Photo of the Week. The waxing
gibbous Moon with its heavily cratered highlands and prominent
volcanically-coated maria. Mare Imbrium is just coming into
sunlight at the upper left.
Astronomy news for the week starting Friday, December 10, 2010.
Skylights is back. As usual, we begin our week with the Moon,
which starts off in the waxing crescent
phase as it heads towards first quarter,
that phase reached during daylight on Monday, December 13th. It
thence switches over to the waxing
gibbous. The evening of the quarter, it will make a fine sight
with Jupiter,
the giant planet situated seven degrees to the south of it. So
will be Uranus, though
with the bright Moon so close, it's a telescopic object. Just five
hours before the quarter, the Moon passes apogee, where it
is farthest from Earth. The combination will make for especially
low high
tides at the coasts (as well as especially high low tides).
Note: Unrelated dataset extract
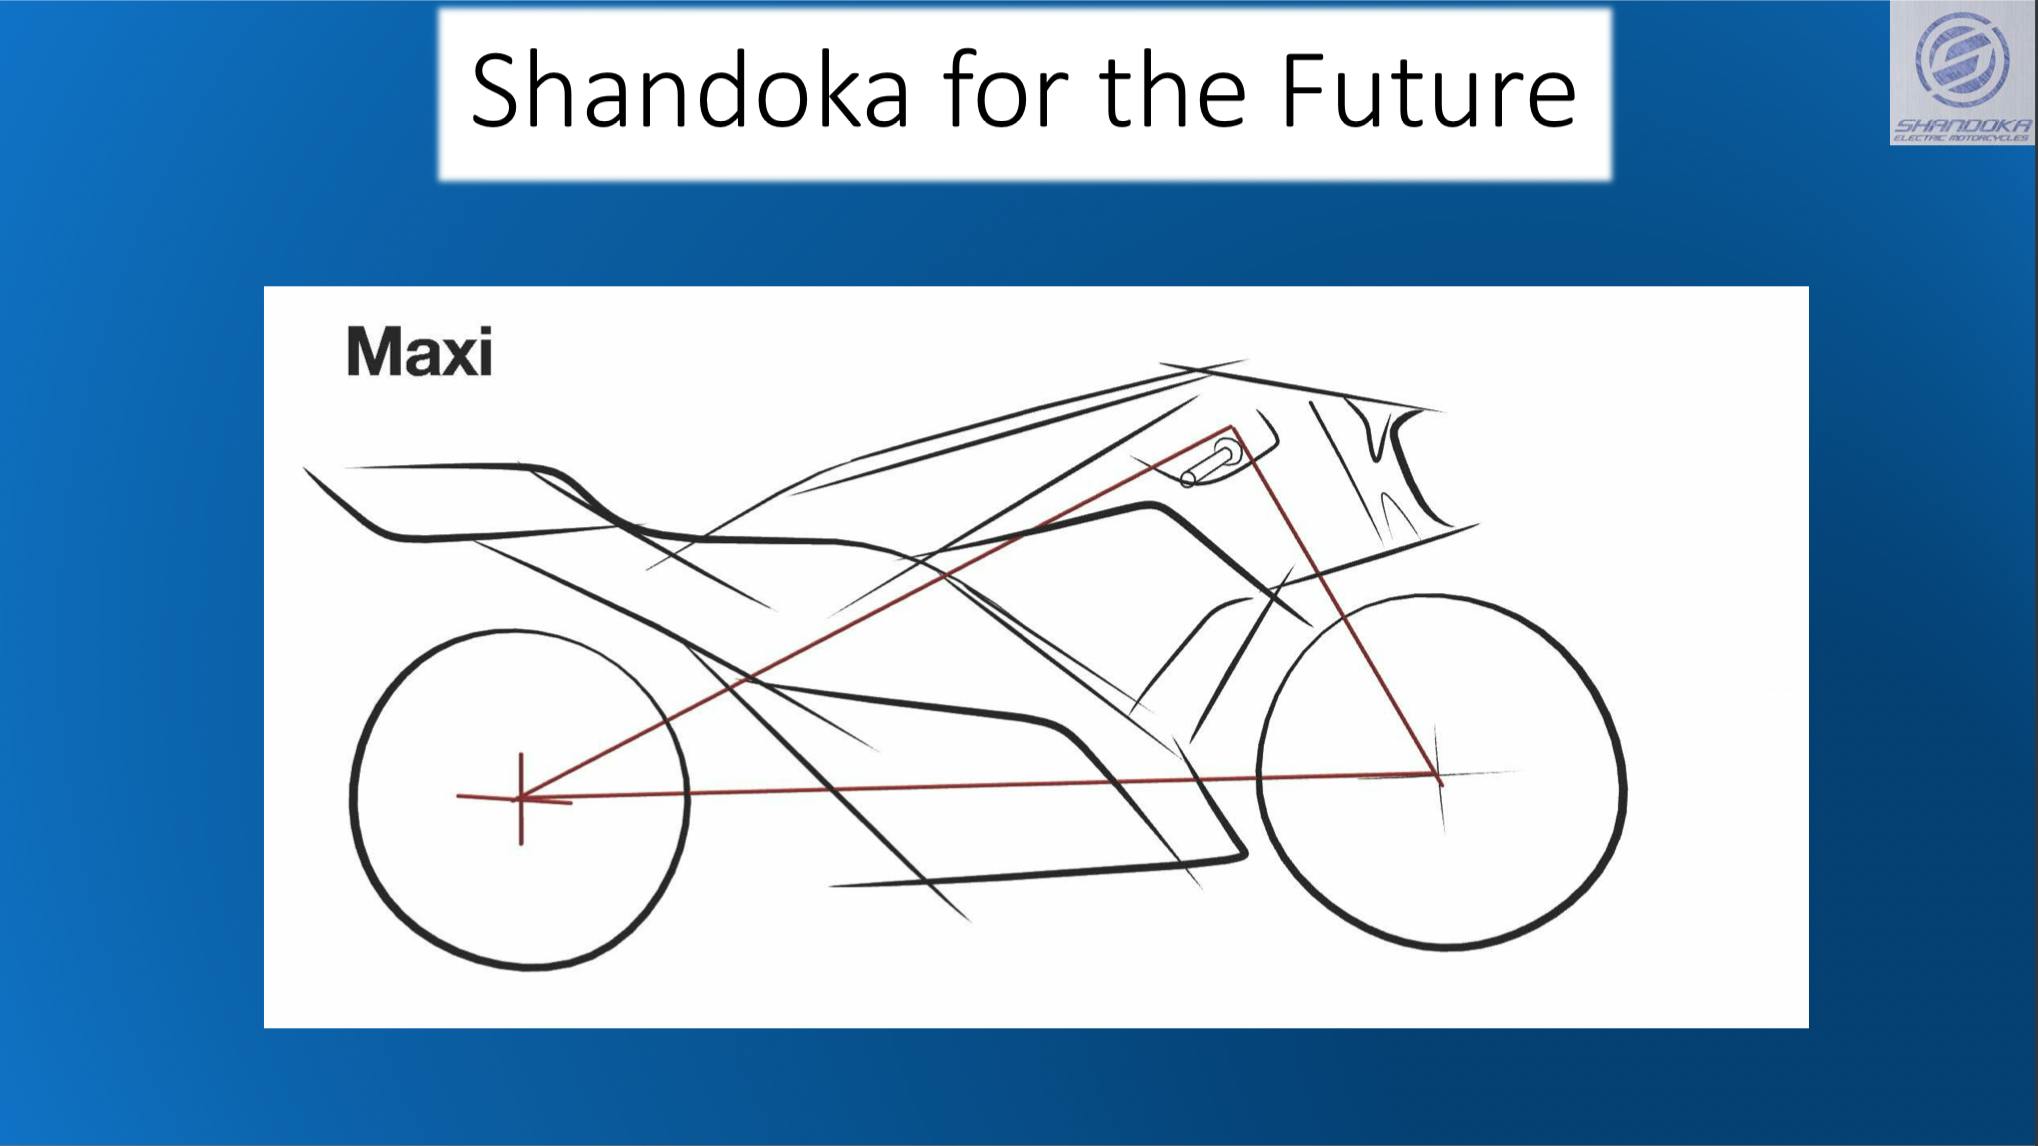 shandoka electric motorcycle industry www.wunderfund.co/shandokacycles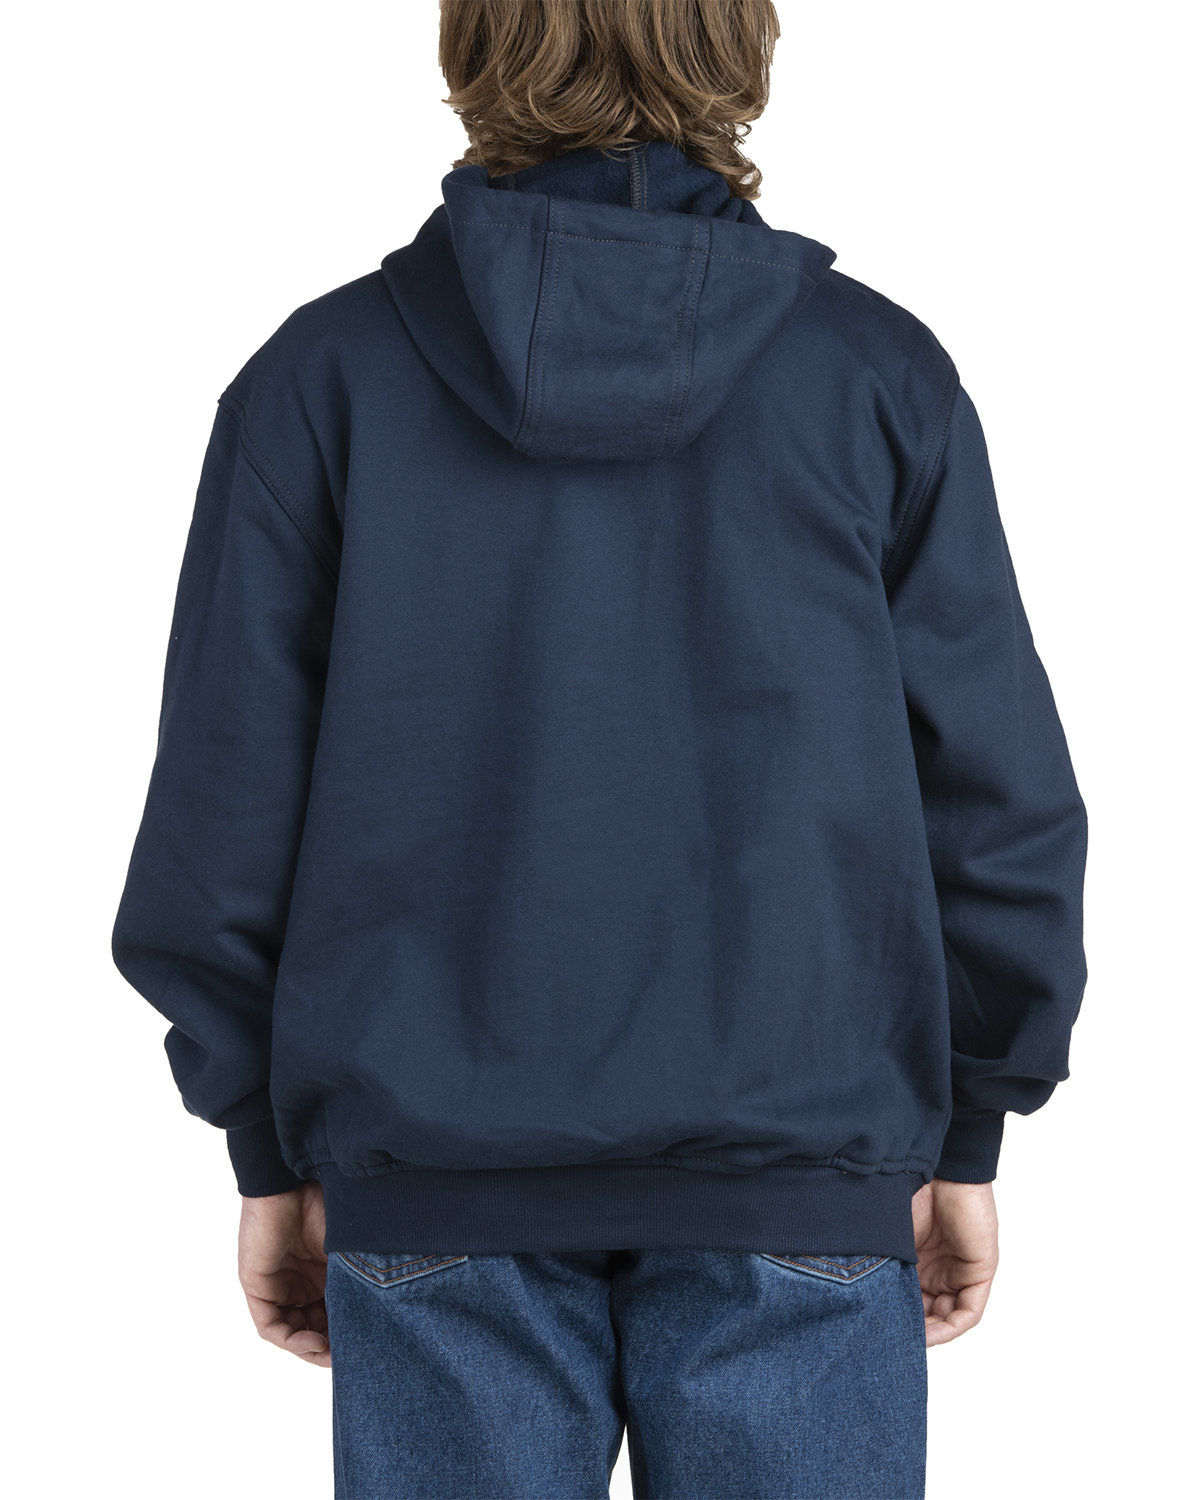 Berne FRSZ19T | Men's Tall Flame-Resistant Hooded Sweatshirt | ShirtSpace

The two brightest planets still rule the opposite sides of the sky,
and will for some time. In the evening,
Jupiter is still nicely with us, though it makes something of
a transition as it transits the meridian to the south just as twilight
draws to a close and sets at midnight, making it a true evening
object. Picking up speed to the east, Jupiter is slowly closing in
on Uranus
, the two now within 2.5 degrees of each other. (They will
pass conjunction with each other on January 2.) In the morning, Venus
becomes ever more visible, rising now quite unmistakably around
3:30 AM, about as early as it will get.
In the gap between Jupiter-set and Venus-rise, you get to admire Saturn, which comes up about
an hour and a half after the giant planet sets. Like Jupiter,
moving easterly, it is slowly narrowing the gap between it and Virgo's Spica, the two of comparable
brightness, but not color, Spica the bluer. Back in the evening,
on Monday the 13th (a busy day), Mercury and Mars come into
conjunction (Mercury just a degree to the north), though twilight
will make the passage near-impossible to see.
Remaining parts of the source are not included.